В данном практикуме исследовались множественные сигналы OriC - ориджина репликации бактерий. OriC - последовательность ДНК прокариот(~250 нуклеотидных пар), на которой содержится множество мотивов, служащих сигналом для связывания с разнообразными регуляторными белками(Fig. 1). Основным таким белком является DnaA: связывание множества DnaA способствует плавлению DUE(АТ-богатого сайта). Также есть мотивы узнаваемые белком SeqA, препятствующим связыванию DnaA. Репликация в основном регулируется на этапе инициации через OriC, в том числе в стрессовых условиях за счёт других регуляторных белков(Fig. 1 схема в правом нижнем углу).

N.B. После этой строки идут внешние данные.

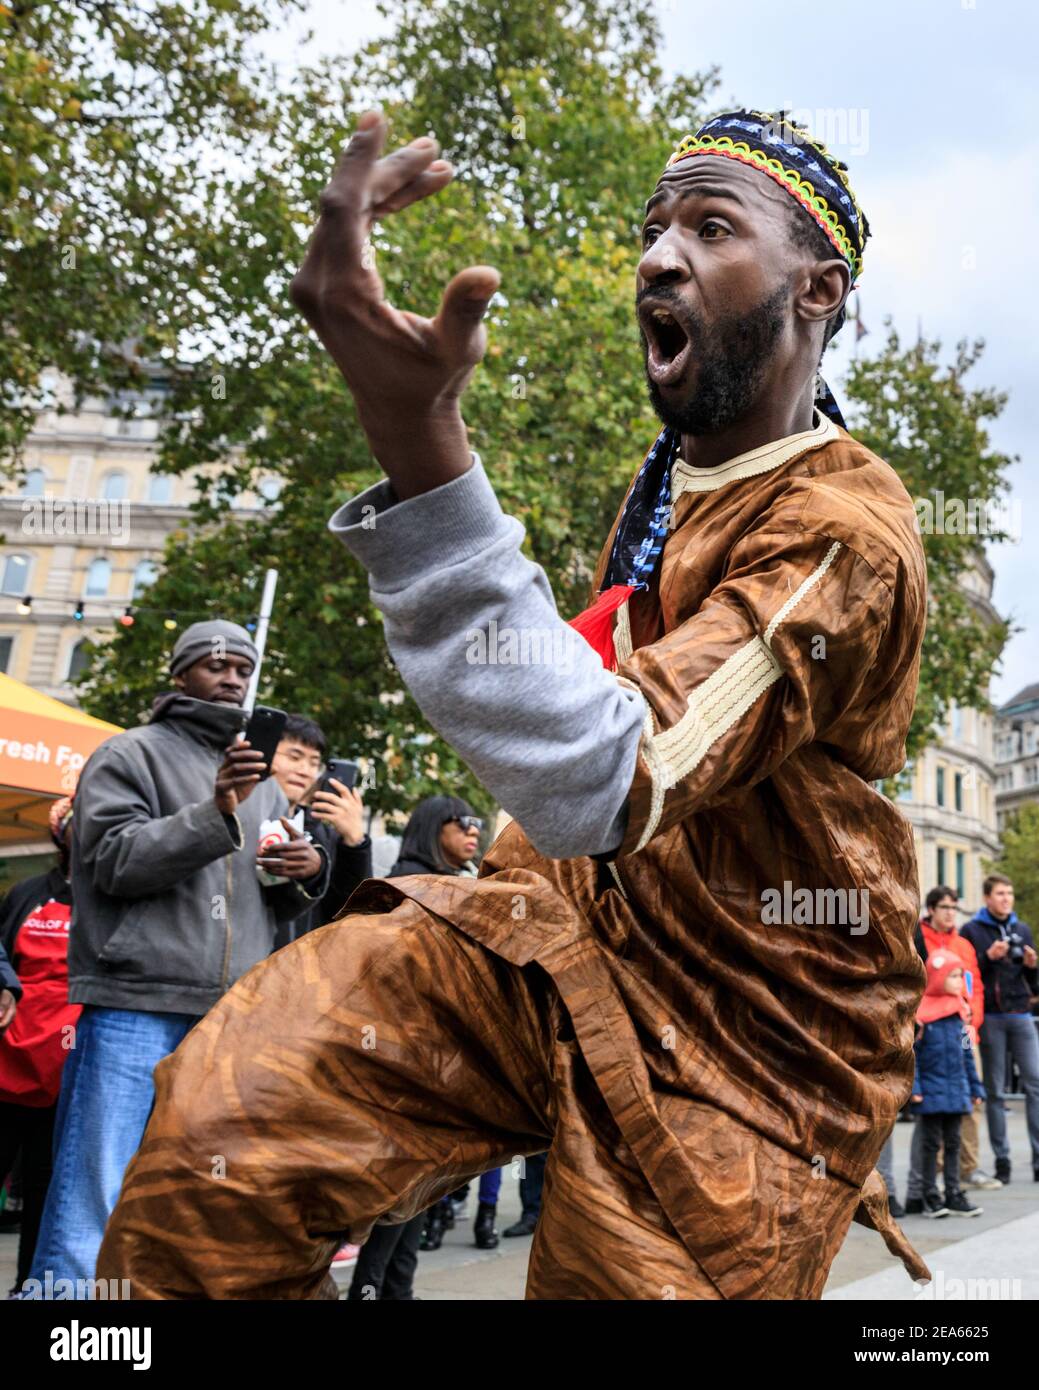 Des danseurs africains en costumes colorés se produisent à 'Africa on the Square', Trafalgar Square, Londres Banque D'Images

Носители сигналов OriC это не только мотивы, наличие или отсутствие SeqA, но ещё и пространственная структура DUE: в расплавленном виде в неё встраиваются белки репликативной вилки(хеликаза DnaB, DNA Pol III и др.). Таким образом OriC содержит множественные сигналы для начала репликации в целом и для участвующих в этом процессе белков в частности.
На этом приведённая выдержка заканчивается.